Weight: 10% of overall score · How the overall score is calculated
Definition
Task Breadth measures how wide a range of task types you delegate to Claude. An engineer who uses Claude exclusively for one type of work — say, debugging — is not a low-maturity user, but they are leaving significant value on the table. Full-stack AI collaboration requires trusting Claude across multiple domains, including ones outside your primary expertise.
This dimension rewards coverage, not volume.
How it's measured
Each session is classified into one of nine task types:
debuggingfeature_implementationrefactoringcode_understandingdesign_planningdata_sciencefront_endpapercut_fixother
The other category is excluded from the breadth count. The score is based on the number of distinct task types present across all your sessions (excluding other), scaled to 1–10:
score = min(10, (distinct_types / 8) × 10)
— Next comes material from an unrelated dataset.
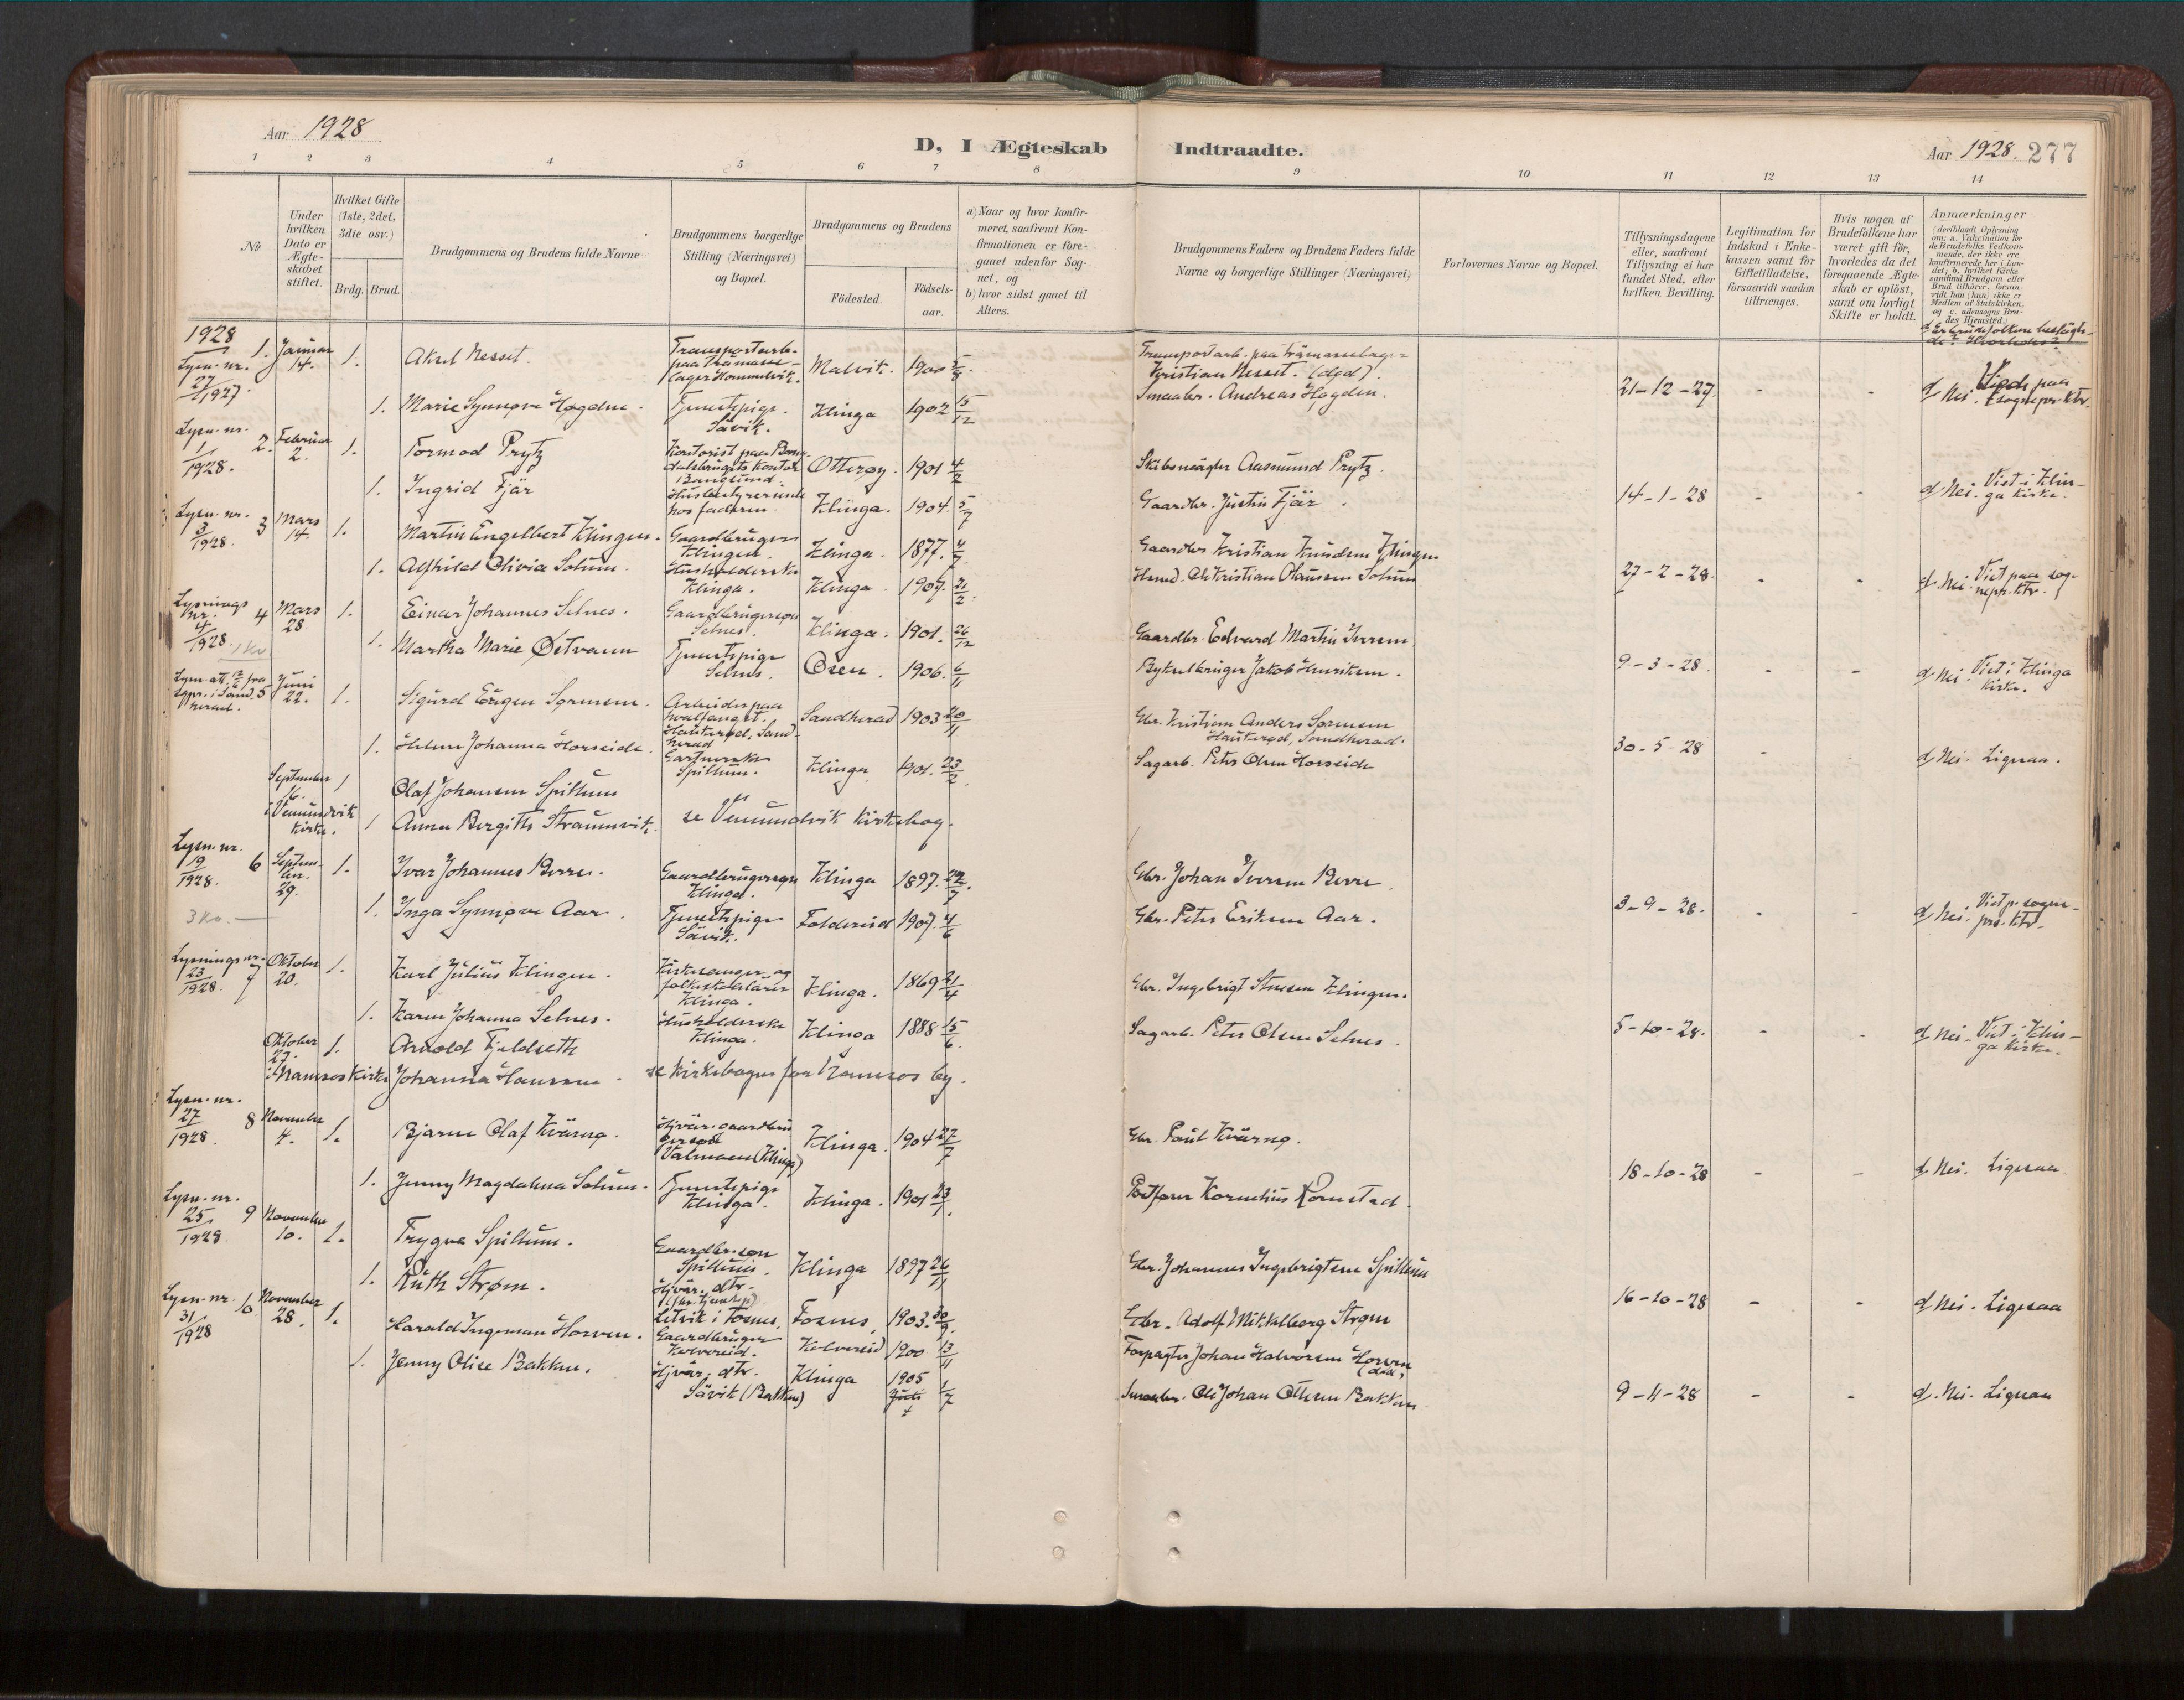 SAT, Ministerialprotokoller, klokkerbøker og fødselsregistre - Nord-Trøndelag, 770/L0589: Ministerialbok nr. 770A03, 1887-1929, s. 277

| Distinct types seen | Score |
|---|---|
| 8 | 10 |
| 6–7 | 7.5–8.75 |
| 4–5 | 5–6.25 |
| 2–3 | 2.5–3.75 |
| 1 | 1.25 |
What high vs low looks like
High (score 7–10)
- Using Claude for debugging one day, front-end implementation the next, data analysis the next
- Reaching outside your primary domain — a backend engineer using Claude to handle React work; a researcher using it for data science pipelines
- Sessions span at least 5–6 distinct task type categories
Low (score 1–3)
- All sessions are the same type — only debugging, or only code understanding
- Never delegating tasks outside your area of primary expertise
- Using Claude as a narrow productivity tool rather than a domain expander
Behavioural patterns in real sessions
Anthropic's work study found a consistent pattern across teams: engineers who used Claude most broadly reported the largest qualitative changes in how they worked.
The study noted that engineers were becoming "more full-stack" — a front-end engineer taking on data science tasks, a researcher handling deployment scripts — specifically because Claude reduced the cost of working in unfamiliar domains.
Team-specific data illustrates how task type distribution varies by role:
| Team | Dominant task type | Share |
|---|---|---|
| Pre-training | Feature building | 54.6% |
| Security | Code understanding | 48.9% |
| Alignment & Safety | Front-end development | 7.5% |
| Non-technical staff | Debugging | 51.5% |
High breadth does not mean uniform distribution — it means deliberate extension beyond your default. The non-technical staff cohort scoring 51.5% on debugging reflects a legitimate use pattern, but a low breadth score would reflect that no other task types were attempted.
The most commonly used task types across the full cohort were debugging (55% daily use), code understanding (42%), and new features (37%). Engineers who added data science, front-end, and design planning to this base showed the highest breadth scores.
How it affects your overall score
Task Breadth carries 10% of your total score.
A one-point improvement in this dimension adds 0.10 points to your overall score.
This is the most straightforward dimension to improve deliberately: intentionally trying Claude on one new task type in your next session will move this score. It is also the fastest to plateau — once you reach 6–7 distinct types, the marginal gain from adding more is small.
It interacts with Complexity Progression (broader task types expose you to higher-complexity work) and New Work Generation (unfamiliar domain tasks are more likely to generate net-new work).